Big Lots was founded in 1967 by Sol Shenk. It was one of the first types of store known as close-out, which meant it sold goods that were nearly out of date in the case of food or not the current season for fashion and homeware. The chain grew over the years to include stores operating under several names including Mac Frugal’s Bargains, Closeouts and Pic ‘N’ Save.
In 2023, Big Lost closed down 52 stores – which was followed by 13 store closures this year. But the discount homeware retailer isn’t alone, as other discount retailers are feeling the pinch. They are even more exposed to Americans cutting back on spending than stores that attract middle-class shoppers.
Lower-income customers have been cutting back after two and a half years of punishing price rises. This led to Big Lots looking for fresh financing in February, according to Bloomberg News.
But some managers of Big Lots stores are not surprised. They have complained that company’s top management in Ohio keep on sending truckloads of products that customers don’t want. Some of them have taken to the Reddit discussion platform to air out their complaints.
“In the last month, we received four of the largest trucks we have seen all year and triple the amount we normally get,” one wrote. “The warehouse is pretty much full to capacity and none of [it] is selling.”
Another posted: “Isn’t that the weirdest thing? So much stuff, but none of it is what people want. Perhaps instead of blowing our budget on cheap garbage nobody wants, corporate will look into what’s popular and will only buy that.'”

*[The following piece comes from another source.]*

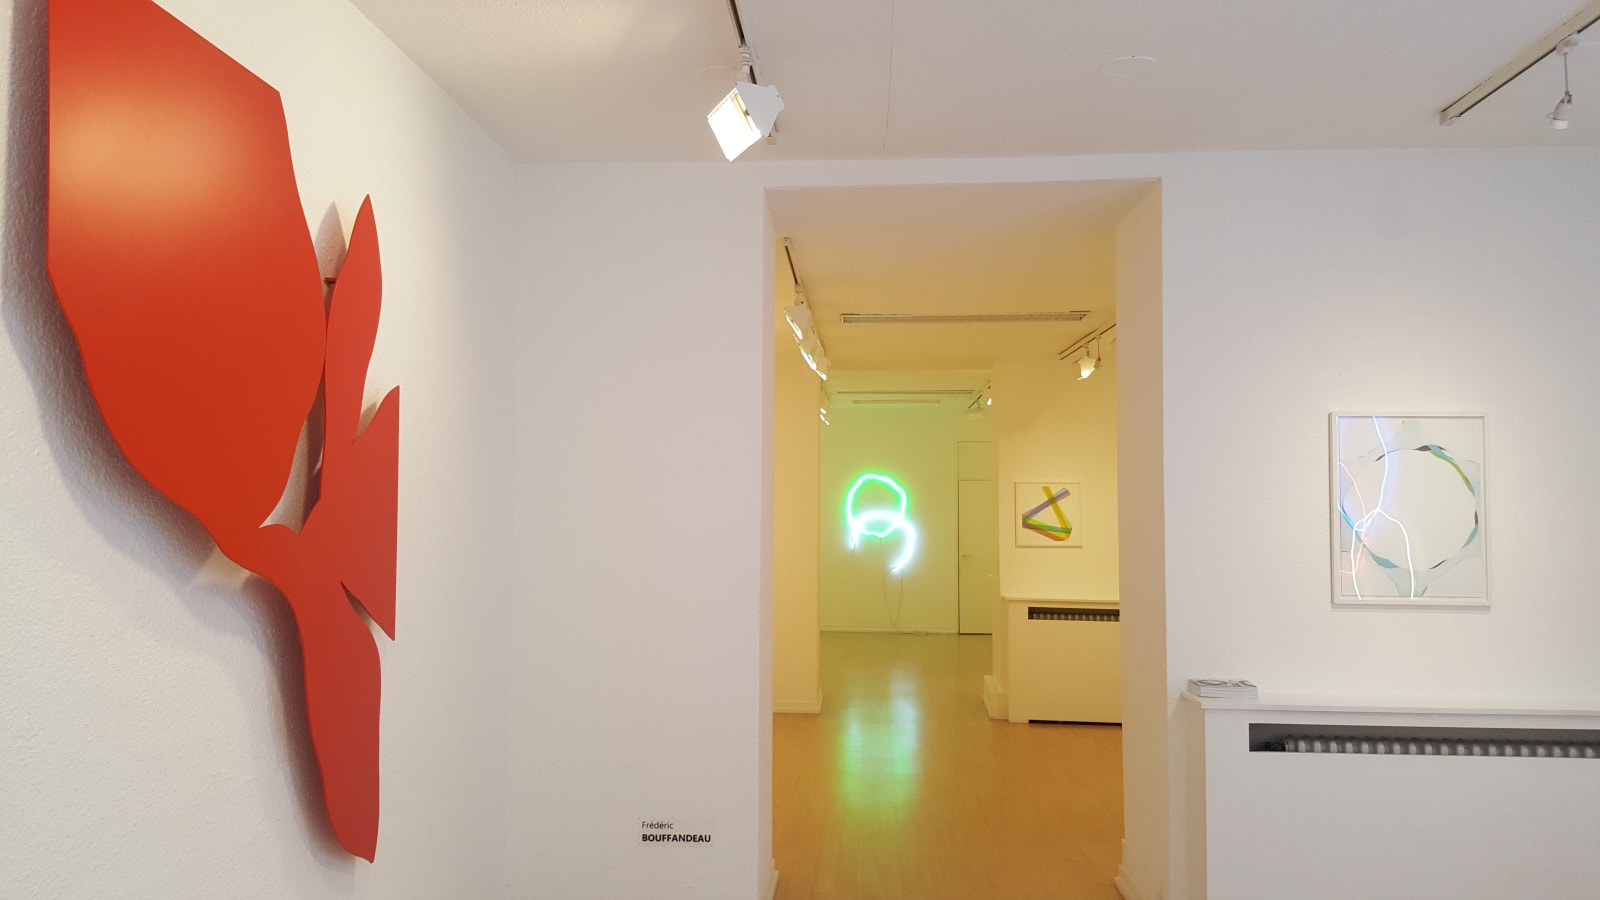 Frédéric Bouffandeau / Peintures, sculptures et néons, exposition personnelle / Oniris 2017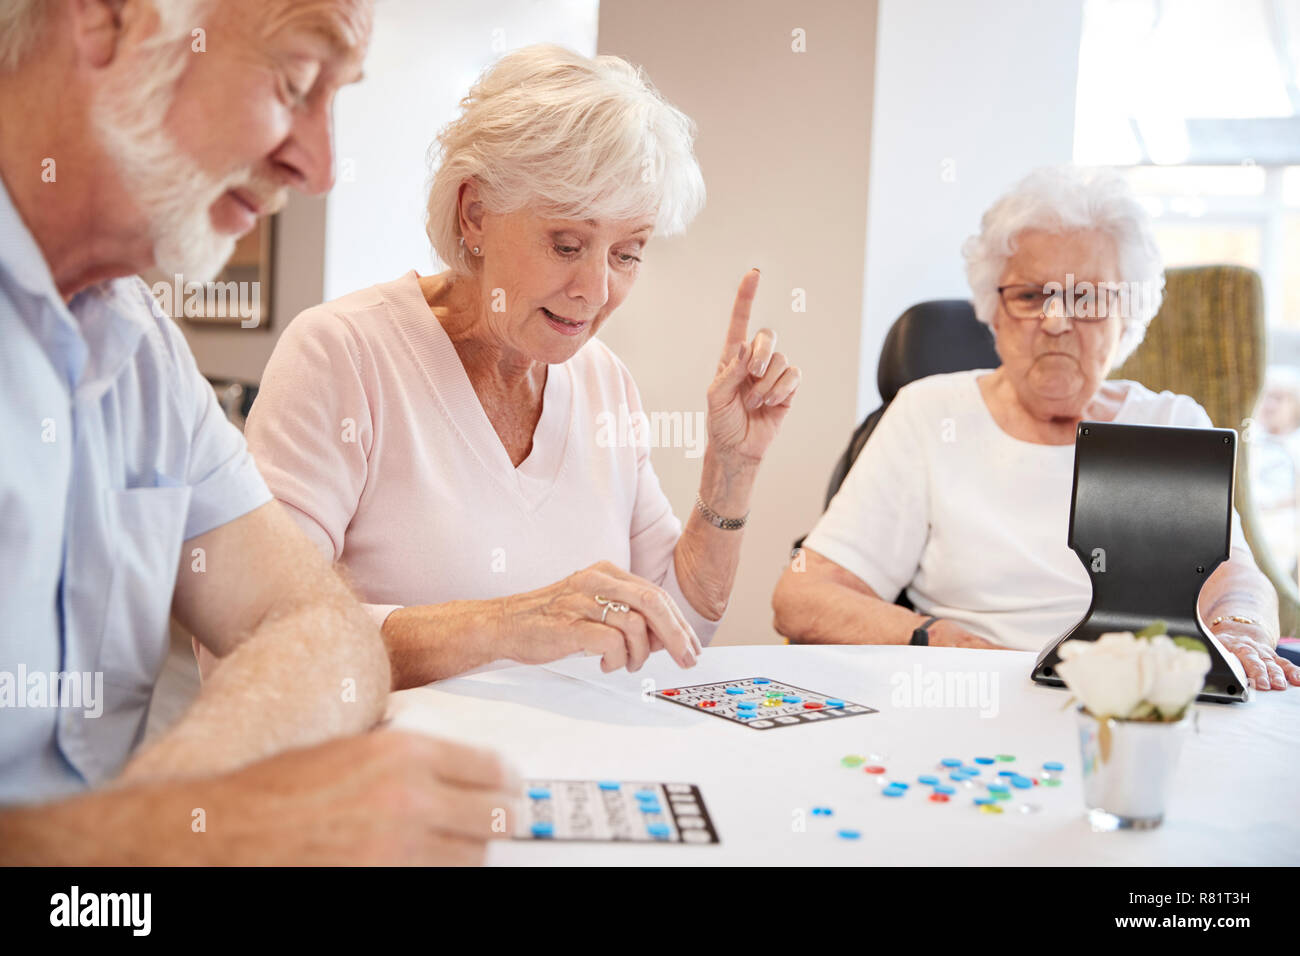 Gruppe Von Senioren Spielen Spiel Von Bingo Im Ruhestand Home Stockfotografie Alamy

These problems for Big Lots come amid a widespread “retail apocalypse,” which is seeing brick-and-mortar stores struggle to combat rampant theft and increasingly tight margins. There have been almost 2,600 store closures so far in 2024.
Walmart recently closed three of its under-performing locations, while Rite Aid said it is shutting 27 pharmacies. Dollar stores have been hit hard too, with 99 Cents Only announcing in April it would shutter all 371 of its locations across California, Texas, Arizona and Nevada. (Related: Walmart store closures leave local communities grappling with economic and social consequences.)
Check out Collapse.news for more stories about retail bankruptcies.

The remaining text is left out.